The Trans-Canyon Telephone line crossed the Grand Canyon from the South Rim to the North Rim via the Inner Canyon. On the south side of the Canyon, the phone line left the South Rim developed area near Bright Angel Lodge, went down Pipe Creek, and crossed the Colorado River. On the north side, the phone line followed Bright Angel Creek up to the rim to the Wylie Way Tourist Camp before the construction of the Grand Canyon Inn. The line was in place by 1924 and was altered in 1935 and again in 1938-39 by the Civilian Conservation Corps. It has been unchanged since then. Telephone lines were supported using 592 assemblies of 2 in galvanized pipes and fittings, which could be easily transported and assembled with minimal impact to the canyon environment. It was a rare surviving example of open-wire copper-weld technology. The line extended for 18 mi, paralleling the Bright Angel Trail and the North Kaibab Trail, providing a direct link between the North and South Rims, as well as the Inner Canyon. A spur line ran along the Tonto Trail to the Tipoff.

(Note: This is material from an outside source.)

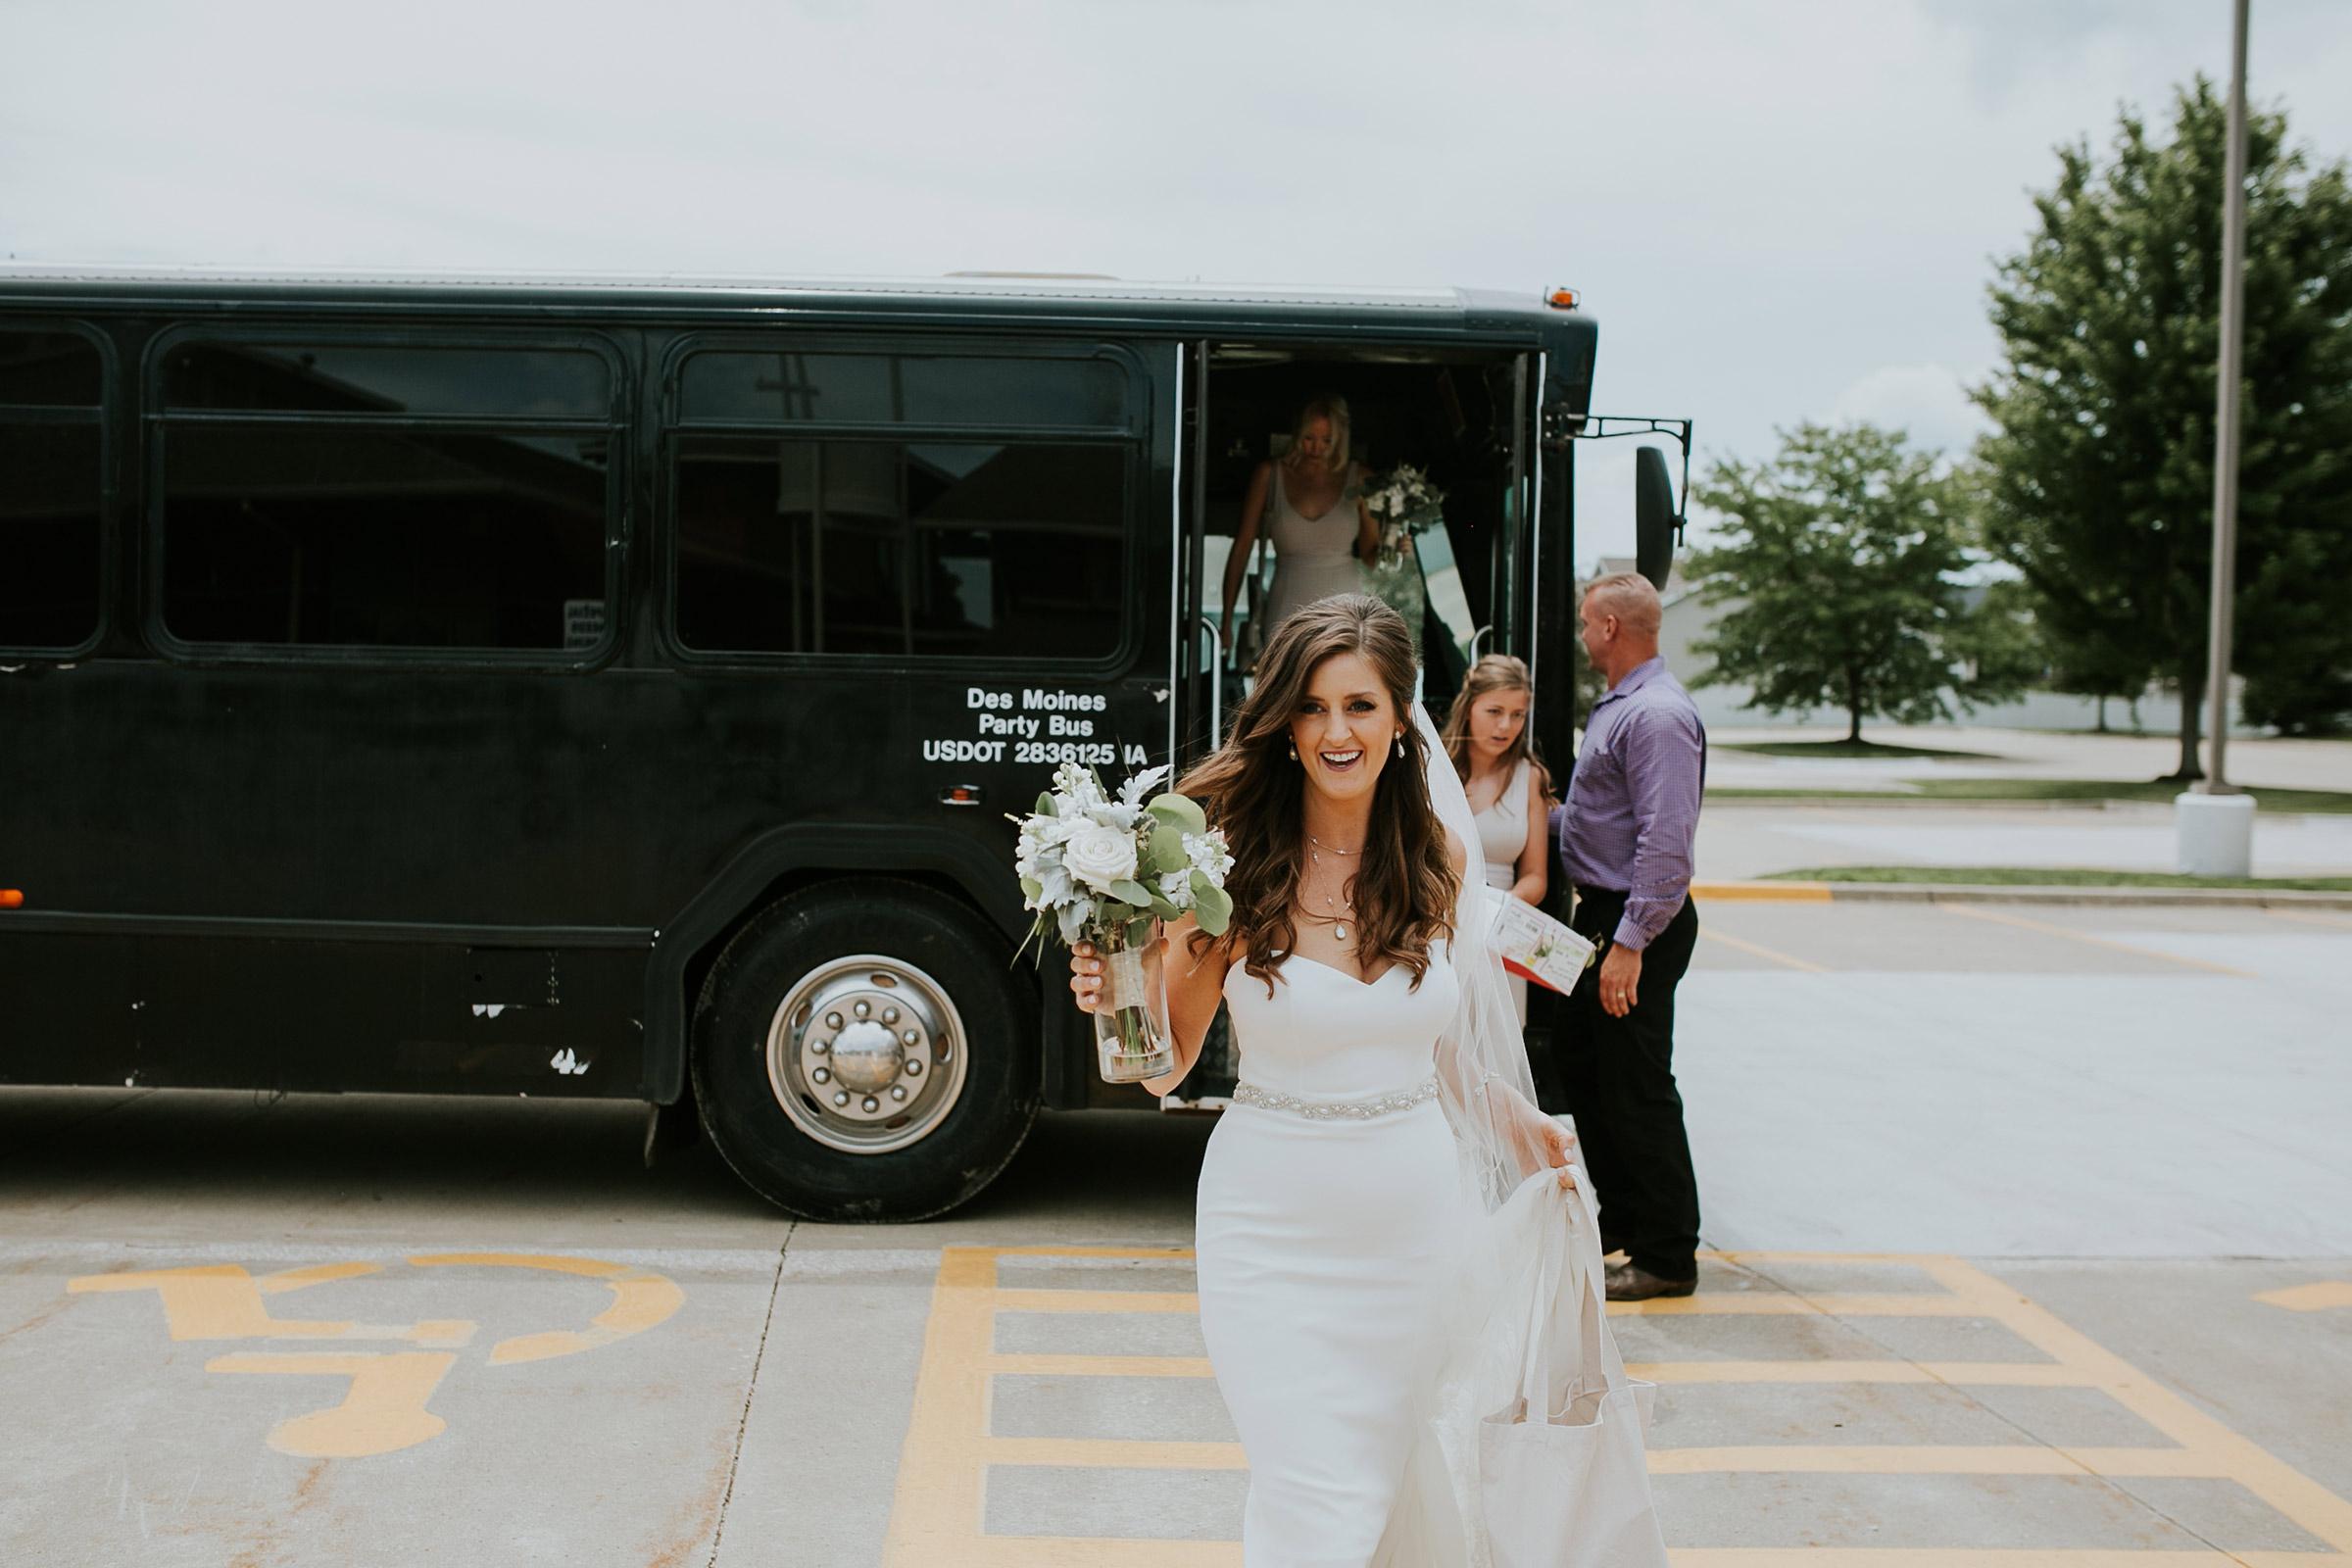 mr-mrs-hull-bride-walking-off-bus-desmoines-iowa-raelyn-ramey-photography-178.jpg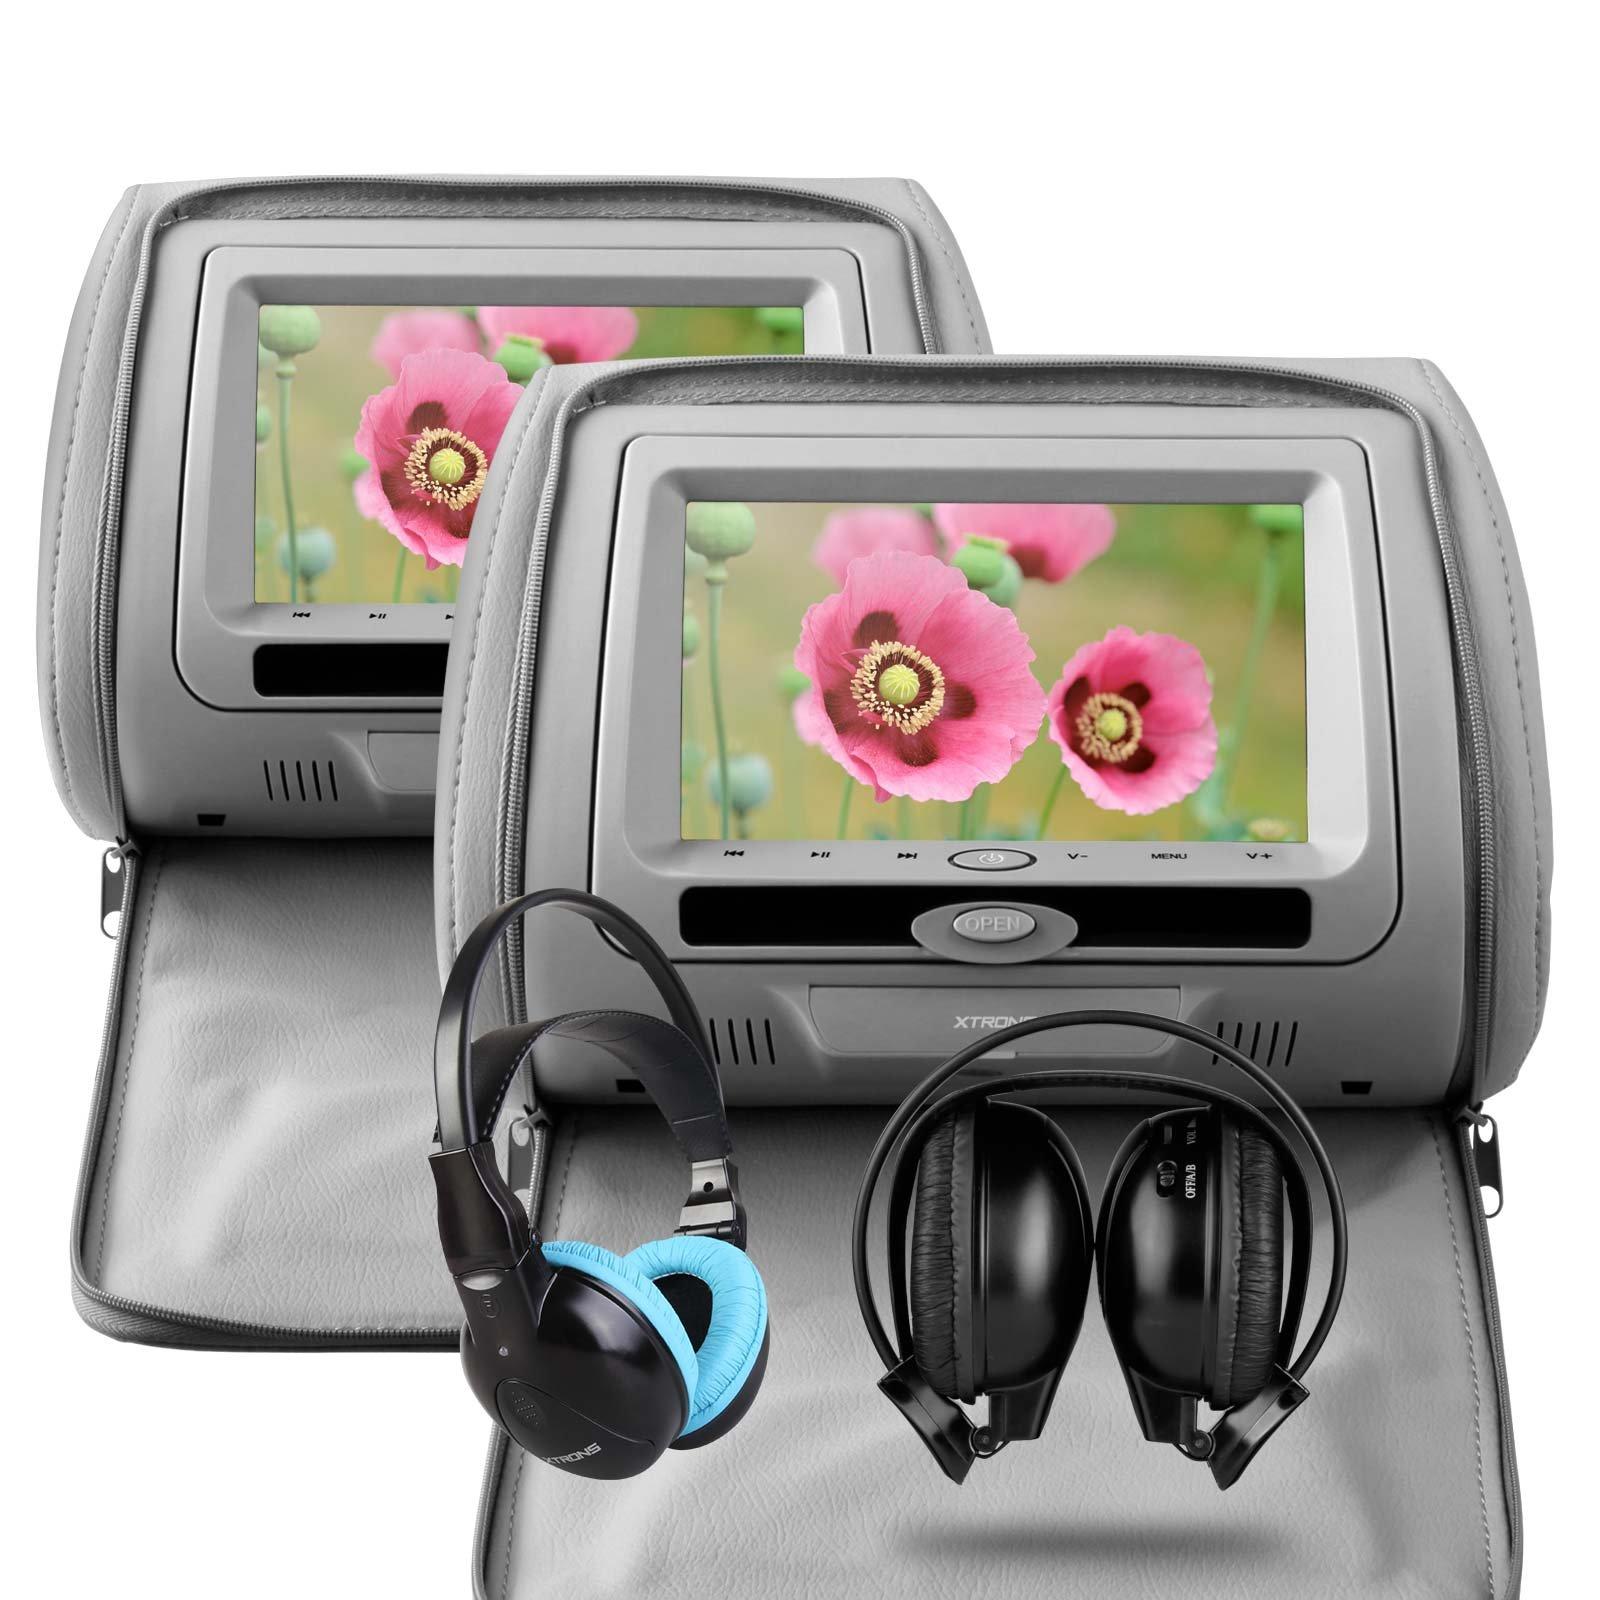 XTRONS® Grey 2X Twin Car Headrest dvd player with Multi-Media USB SD Slot 7'' HD Screen Game Disc IR Headphones

The line was placed on the National Register of Historic Places on May 13, 1986.

Only small portions of the cable are currently in use after a Digital Subscriber Line (DSL) circuit to Havasupai Garden was disconnected and the signal moved to a Starlink connection.

The National Park Service awarded US Park Ranger Elizabeth "Betsy" Aurnou the 2023 NPS Wright Brothers Aviation Award for her efforts in removing this historic telephone line from the Grand Canyon.